Your objective. Exactly the lines below starting at the line with "Granit Sonnenschirmständer The" and ending at the line with "W94K62K8RN0-JBLK AURORA DRESS 3" are wanted, with both ends included. Leave out the pictures and add no other lines.

Listed entries.
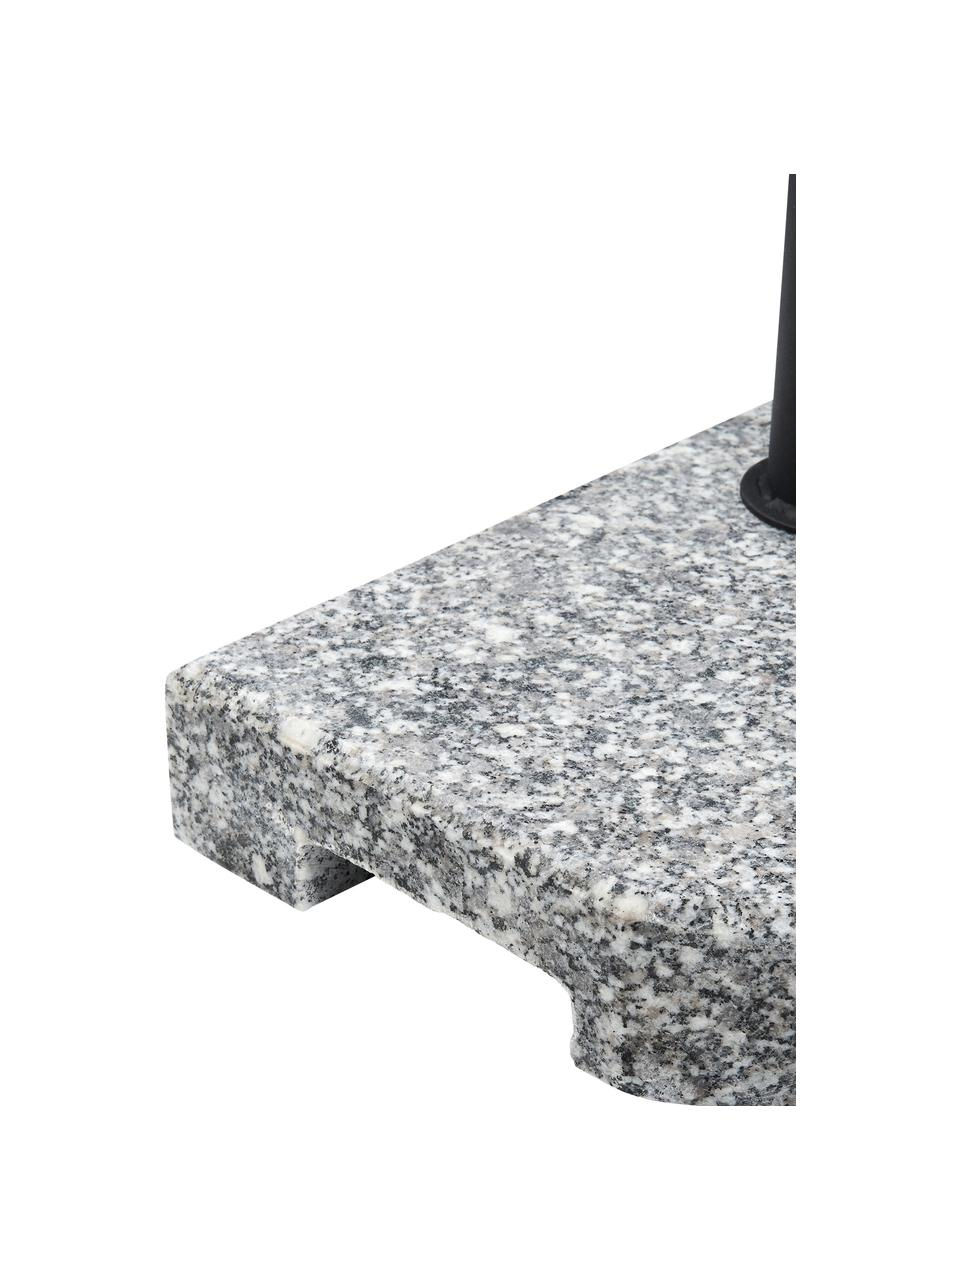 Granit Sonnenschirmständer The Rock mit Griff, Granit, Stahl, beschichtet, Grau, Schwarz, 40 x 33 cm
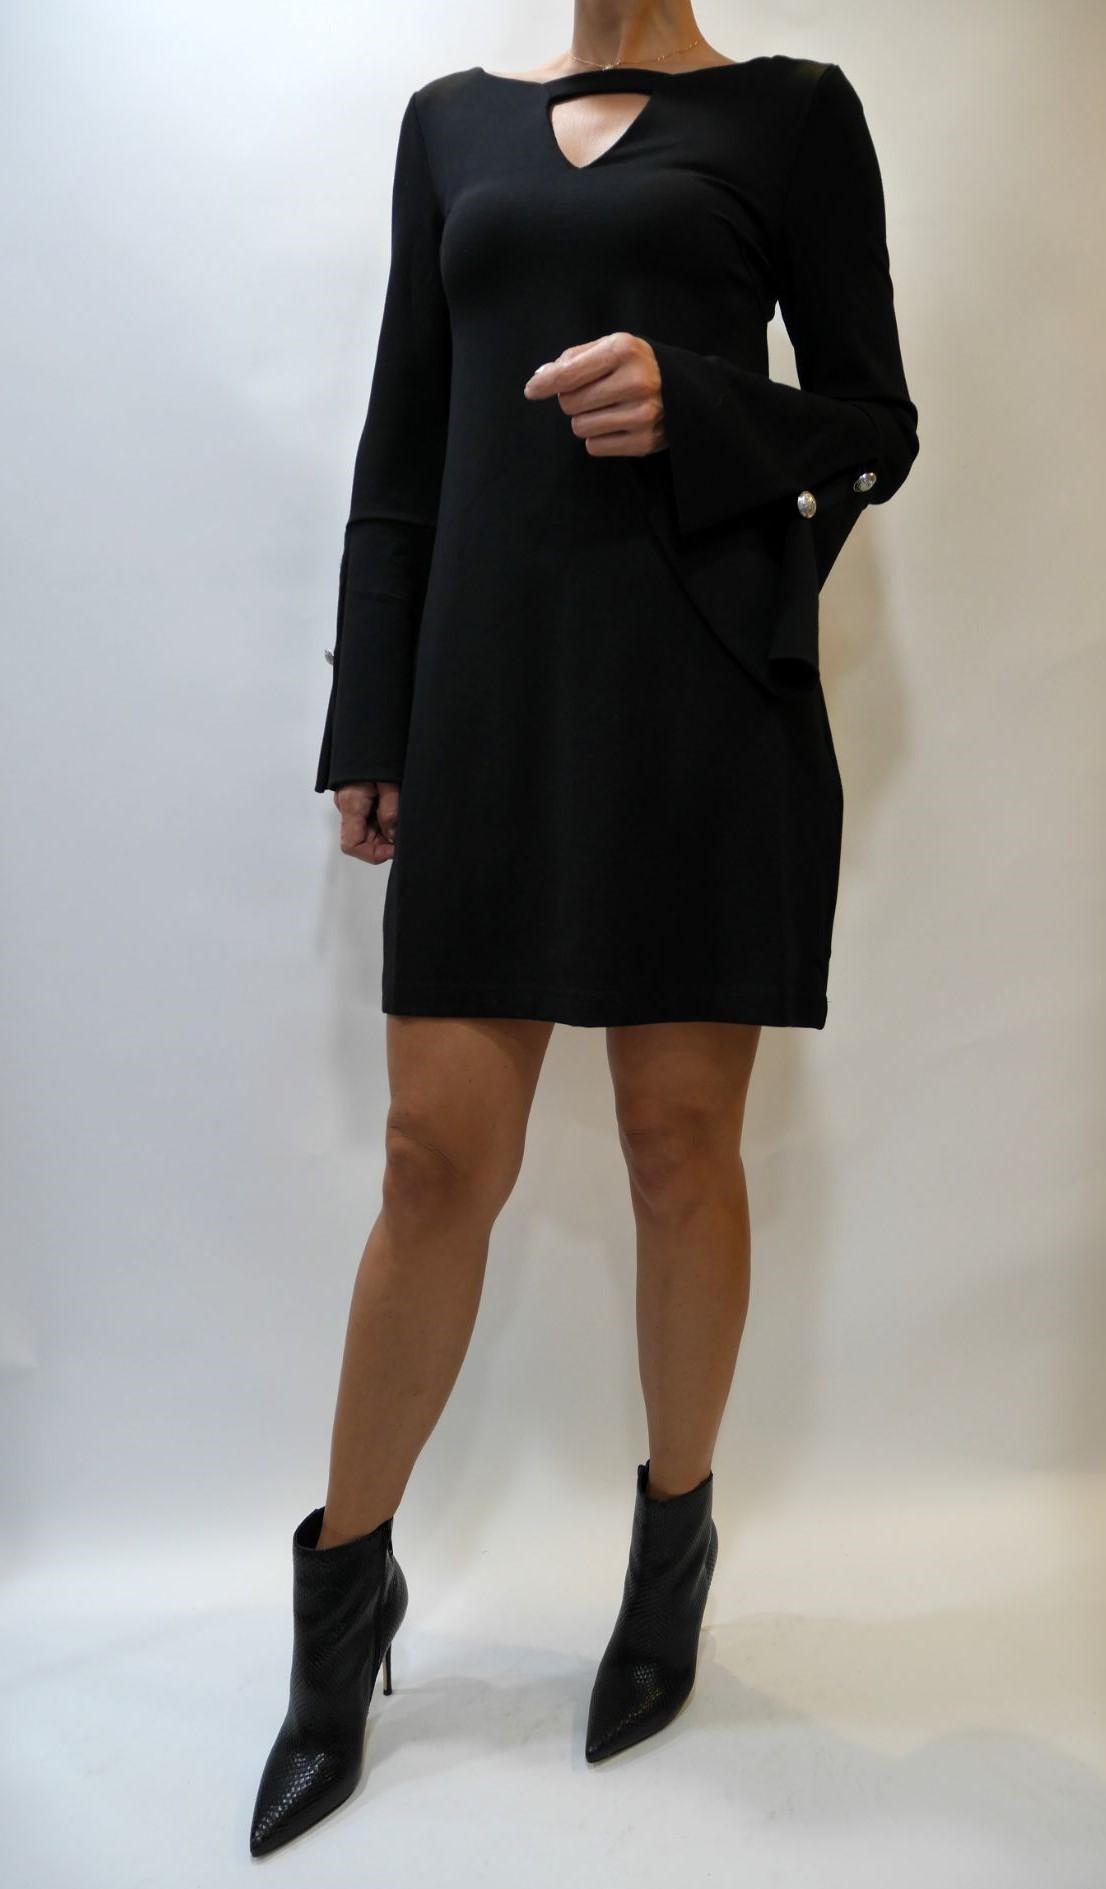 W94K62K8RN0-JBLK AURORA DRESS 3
* * *
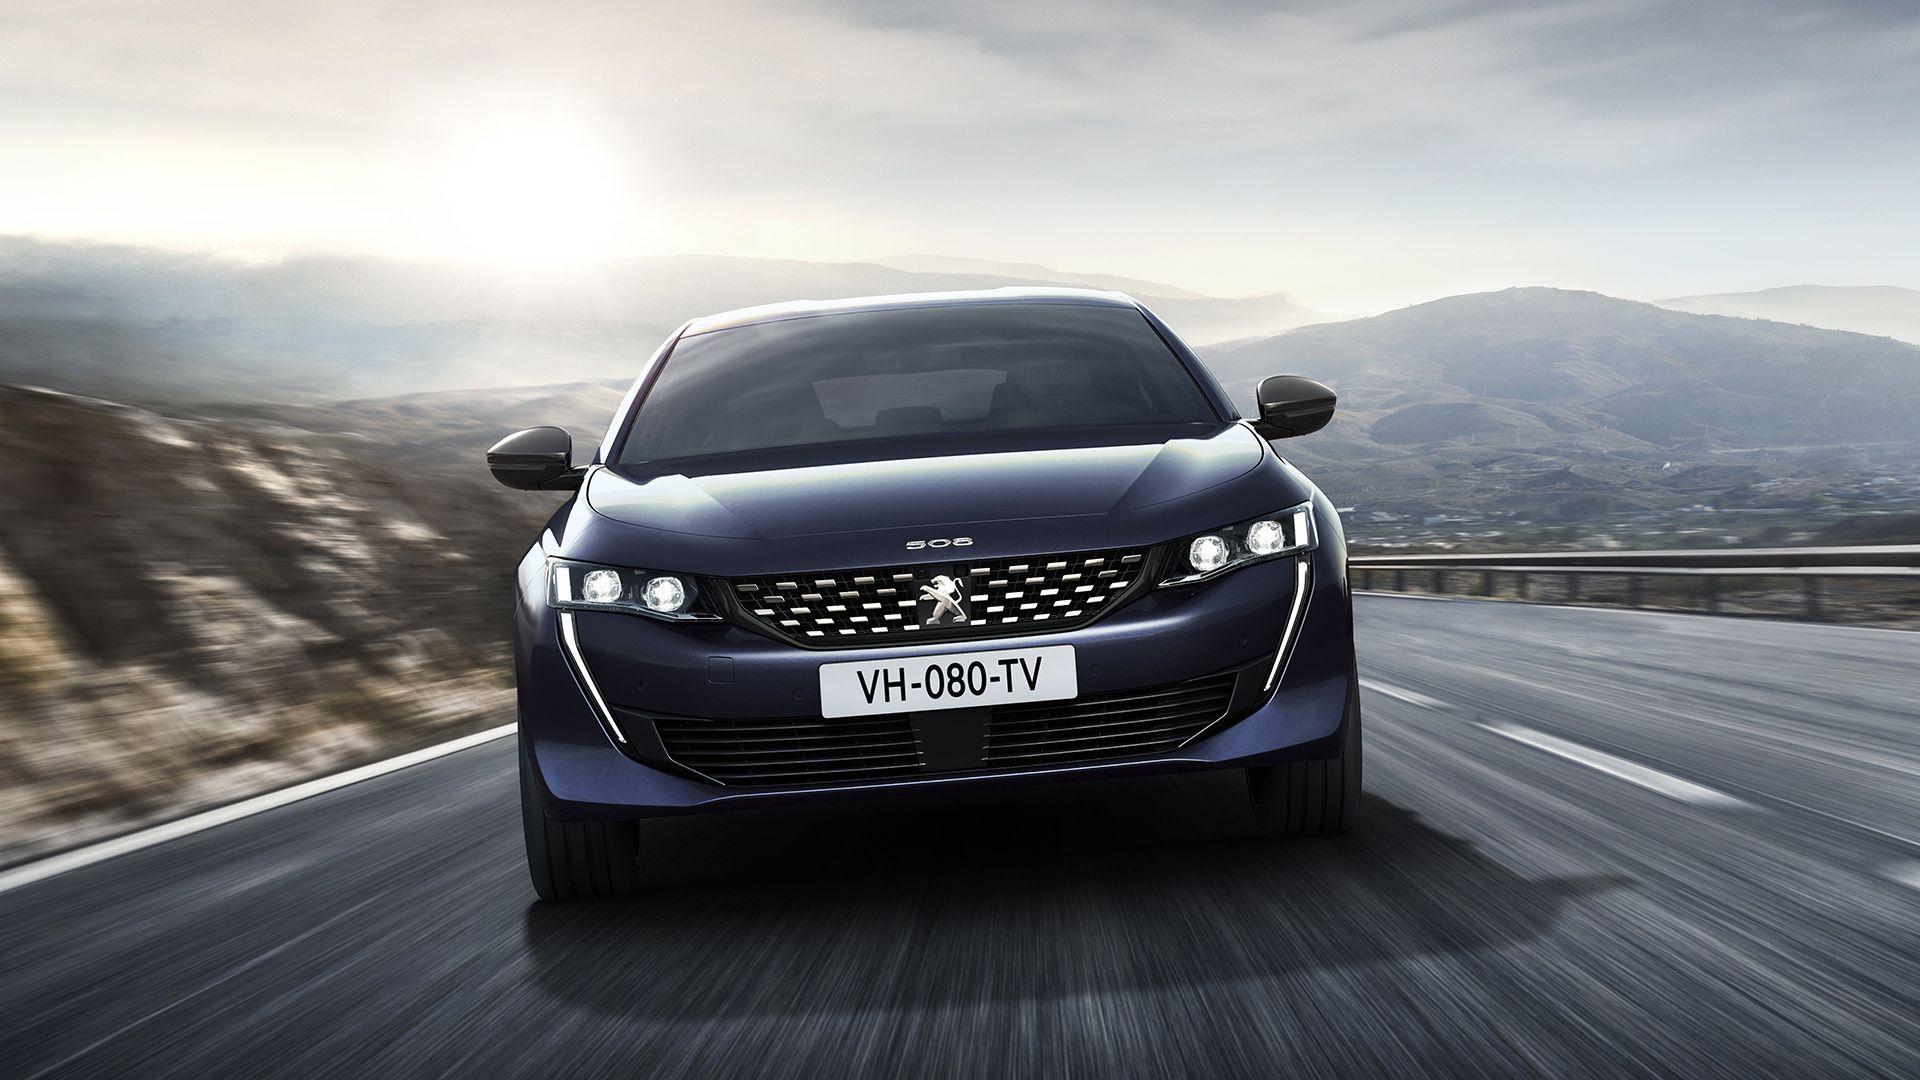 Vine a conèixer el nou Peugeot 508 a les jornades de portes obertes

Completed task.
 Granit Sonnenschirmständer The Rock mit Griff, Granit, Stahl, beschichtet, Grau, Schwarz, 40 x 33 cm
 W94K62K8RN0-JBLK AURORA DRESS 3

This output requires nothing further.